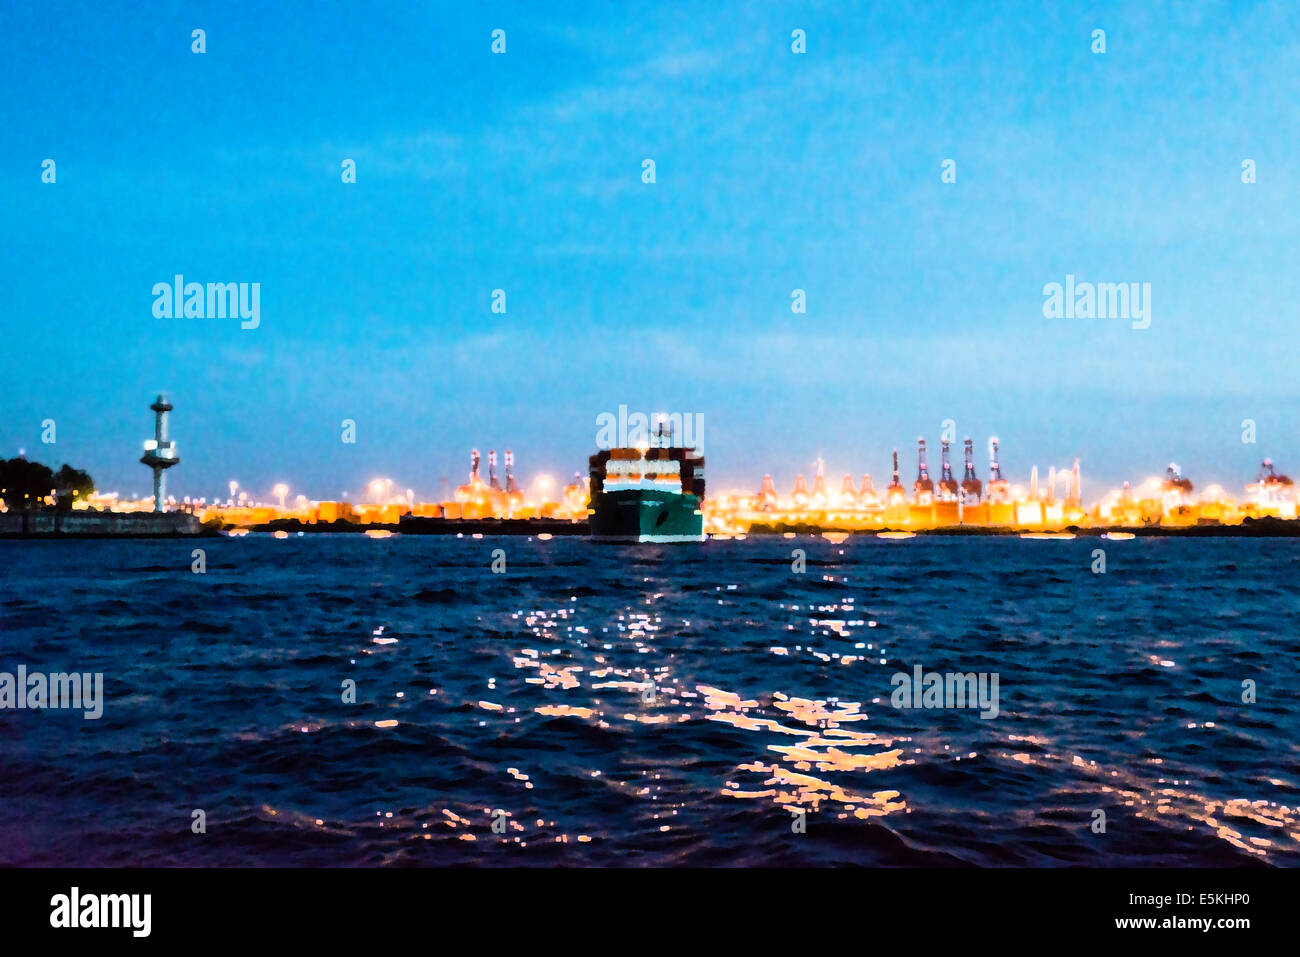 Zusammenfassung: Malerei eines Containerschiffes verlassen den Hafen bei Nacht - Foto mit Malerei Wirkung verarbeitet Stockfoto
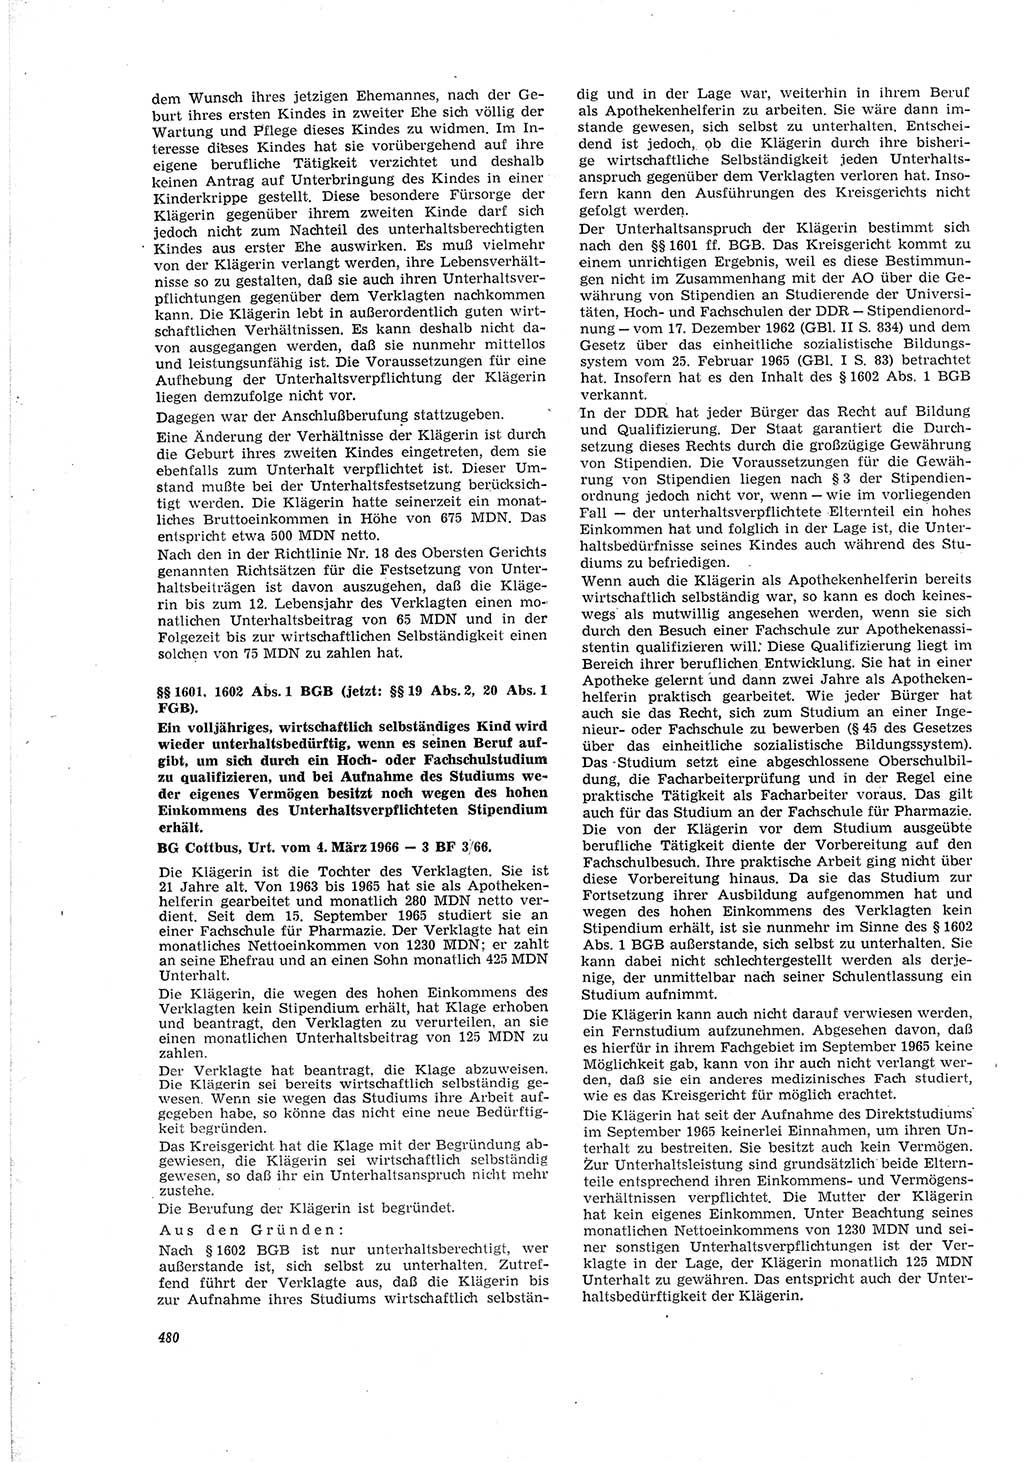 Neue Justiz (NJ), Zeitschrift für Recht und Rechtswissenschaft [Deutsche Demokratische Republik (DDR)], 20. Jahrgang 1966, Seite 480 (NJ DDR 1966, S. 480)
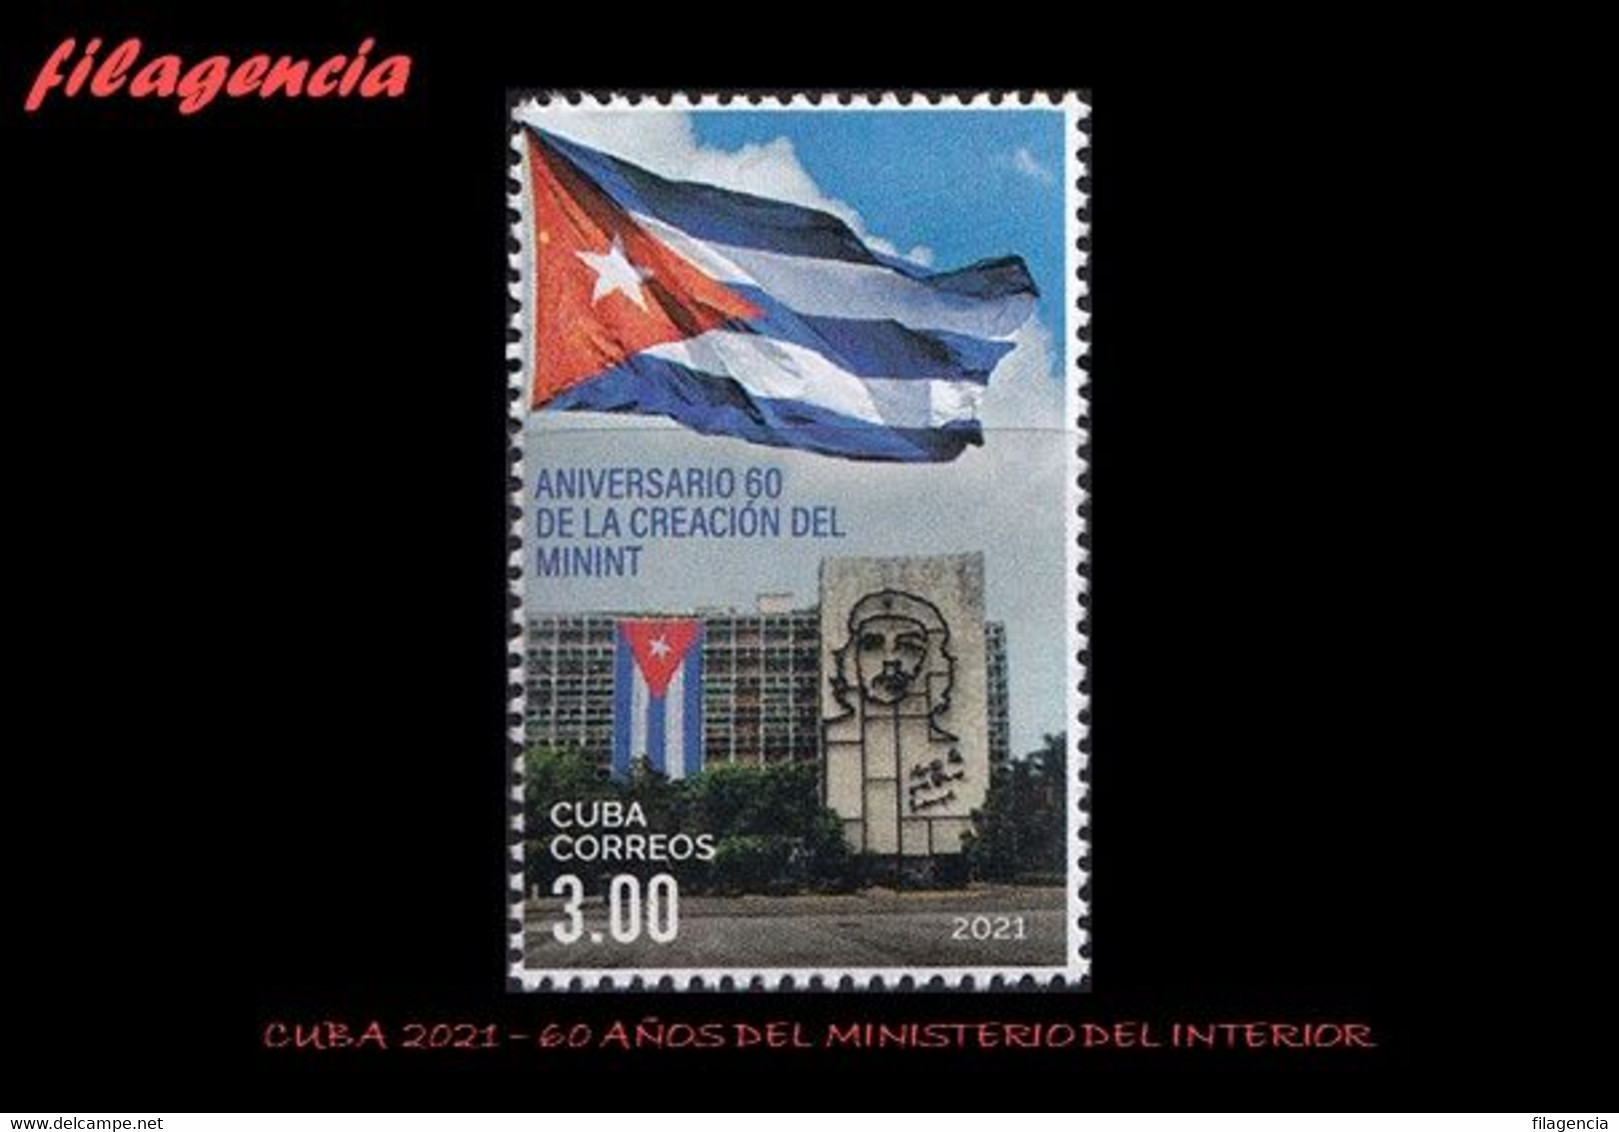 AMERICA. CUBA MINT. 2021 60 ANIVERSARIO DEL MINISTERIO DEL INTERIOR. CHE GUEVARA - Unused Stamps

————

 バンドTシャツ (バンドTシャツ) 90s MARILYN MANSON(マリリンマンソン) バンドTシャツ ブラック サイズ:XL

————

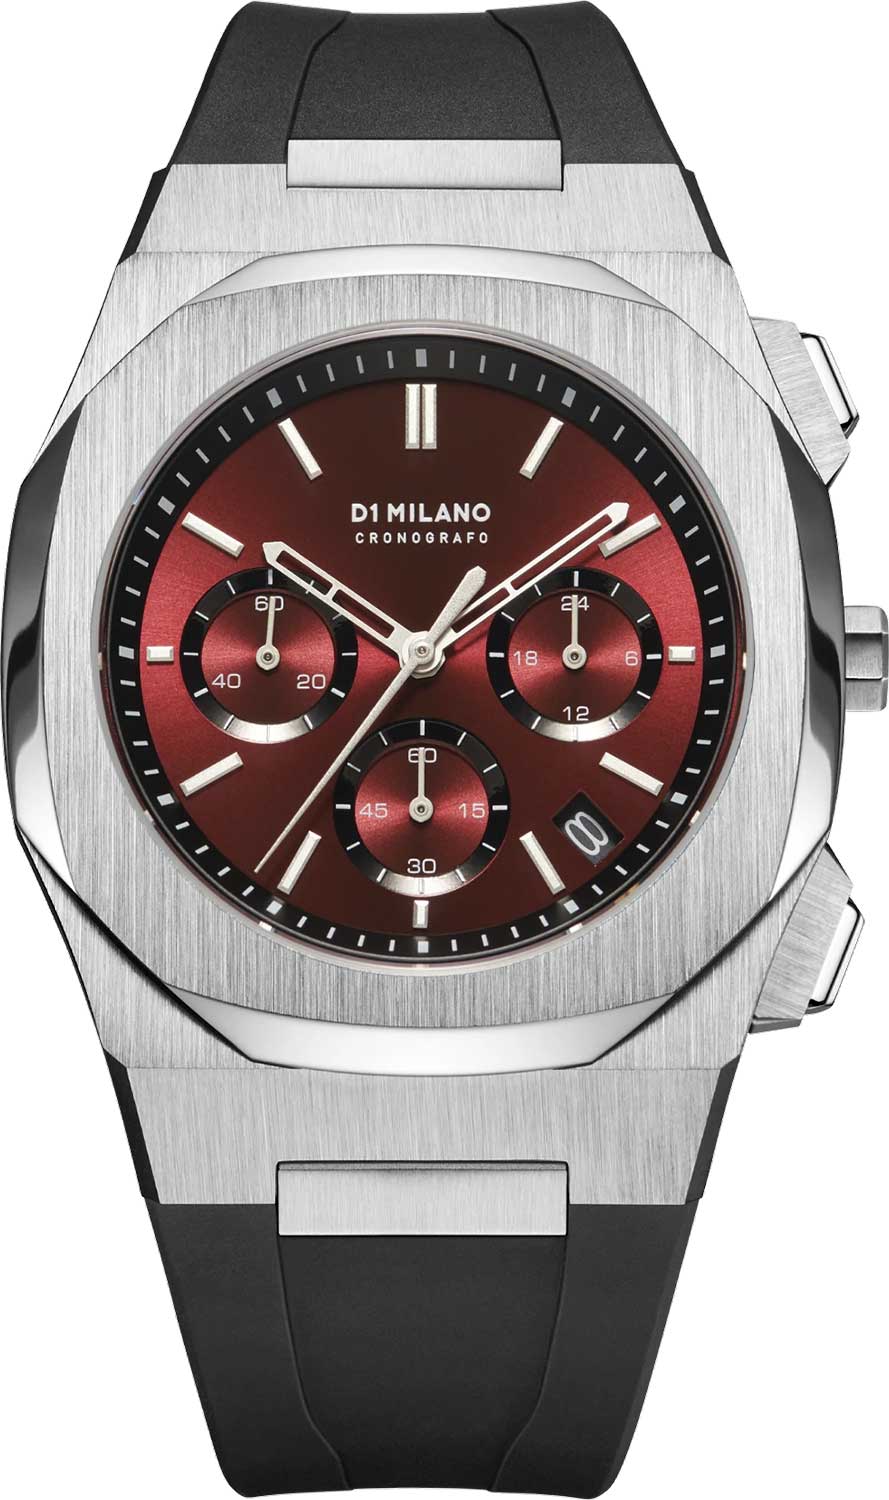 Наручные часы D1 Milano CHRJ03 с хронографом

————

Exercise for the records above: copy only the lines from the one with "Neue Justiz (NJ), Zeitschrift" to the one with "AMERICA. CUBA MINT.", both ends kept, and drop the pictures.

 Neue Justiz (NJ), Zeitschrift für Recht und Rechtswissenschaft [Deutsche Demokratische Republik (DDR)], 20. Jahrgang 1966, Seite 480 (NJ DDR 1966, S. 480)
 AMERICA. CUBA MINT. 2021 60 ANIVERSARIO DEL MINISTERIO DEL INTERIOR. CHE GUEVARA - Unused Stamps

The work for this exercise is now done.